No, sinR epsH mutants don't make EPS and are still stuck. But, after searching for suppressors of the nonmotile phenotype, they found mutants in EpsE, a family II glycosyltransferase. And when they continued to look for suppressors of suppressors, they found mutations in FliG, the protein that makes the C-ring at the base of the flagellum. This protein is responsible for transducing the rotational movement generated by MovA/MovB (yes, that's right, flagella rotate because of the proton motive force conducted through these channels, anchored to the peptidoglycan skeleton) to the flagellum. So, they wondered whether EpsE was acting either as a brake, to stop the flagellum from rotating, or if it was acting like a clutch and detaching the flagellum from the motion-generating apparatus. After immobilizing bacteria and inducing expression of EpsE, they measured that flagella were not rotating as normal, but they weren't locked in position - they still underwent Brownian motion. Thus, EpsE serves as a clutch!

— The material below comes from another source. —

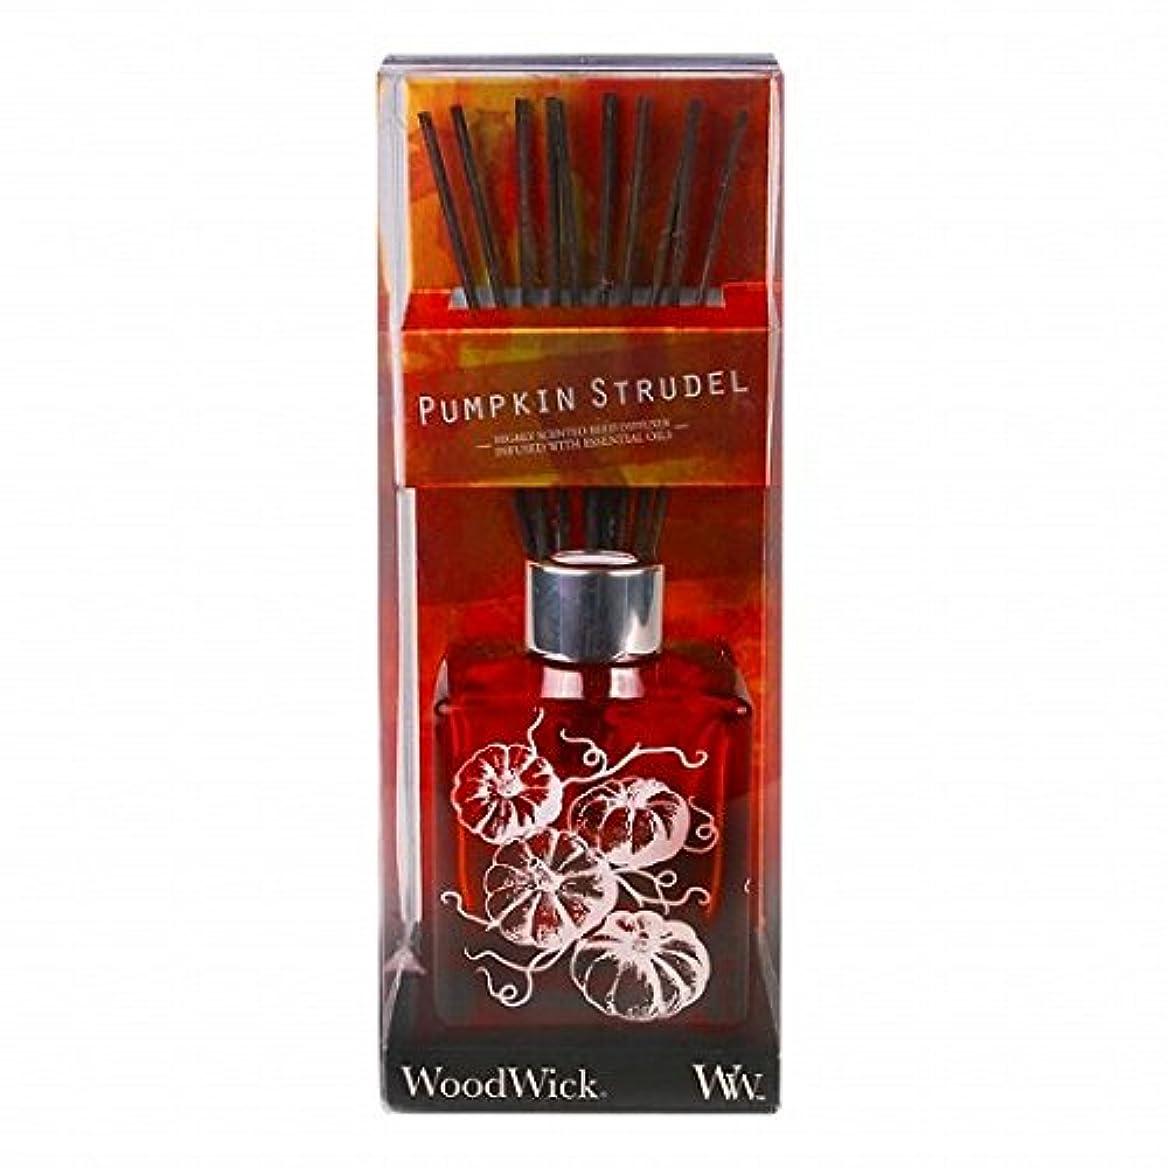 言語学すすり泣きびっくりWoodWick(ウッドウィック) Wood Wickダンシンググラスリードディフューザー 「 シュトルーデル 」 ディフューザー 68x68x105mm (W9540508)
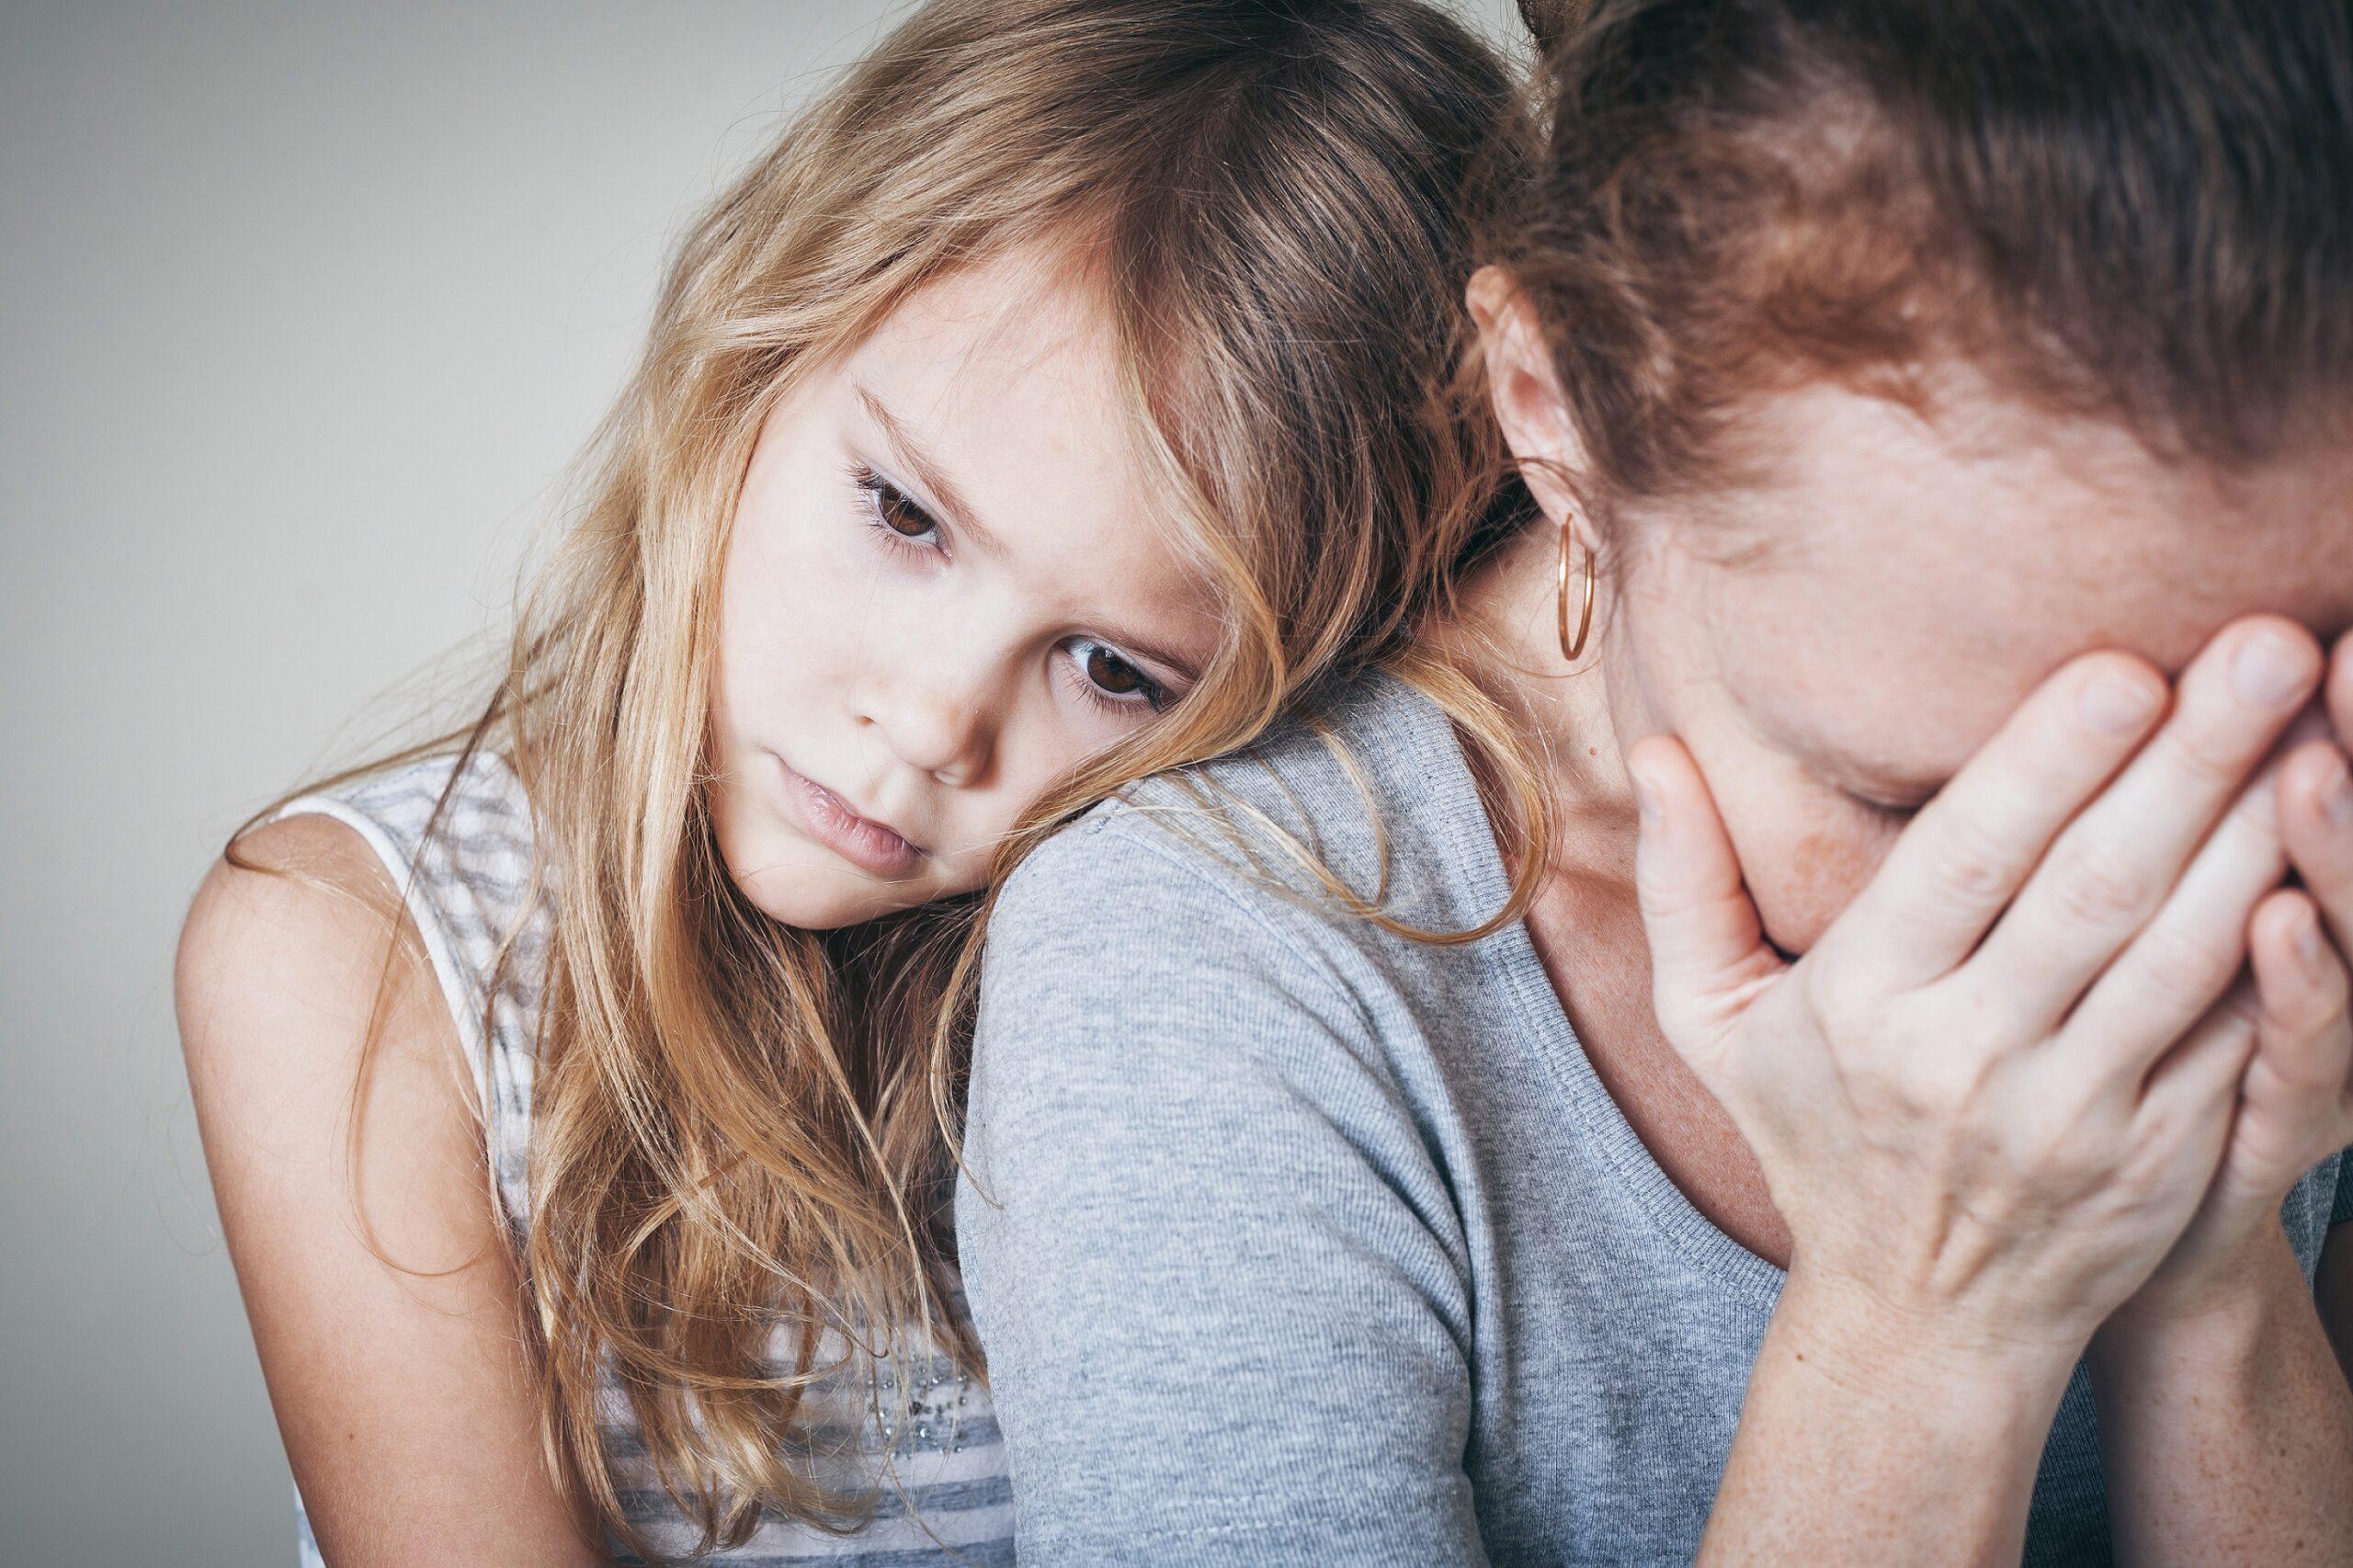 Depression von Müttern hat schlimme Folgen für Kinder - Naturheilkunde & Naturheilverfahren

Regulated Pole-to-Pole Oscillations of a Bacterial Gliding Motility Protein
Mignot, et al. Science 2005
So, there are all kinds of different ways that bacteria can move, some of which are still not understood. Some bacteria use pili-directed movements, where they shoot out a pilus kind of like a grapling hook, and then try to reel themselves in. One poorly understood way is through gliding.

In this paper, they used FRAP to show that they found another oscillatory protein that goes back and forth, from pole to pole (recall MinD in E. coli), called frzS (they were in Myxococcus xanthus).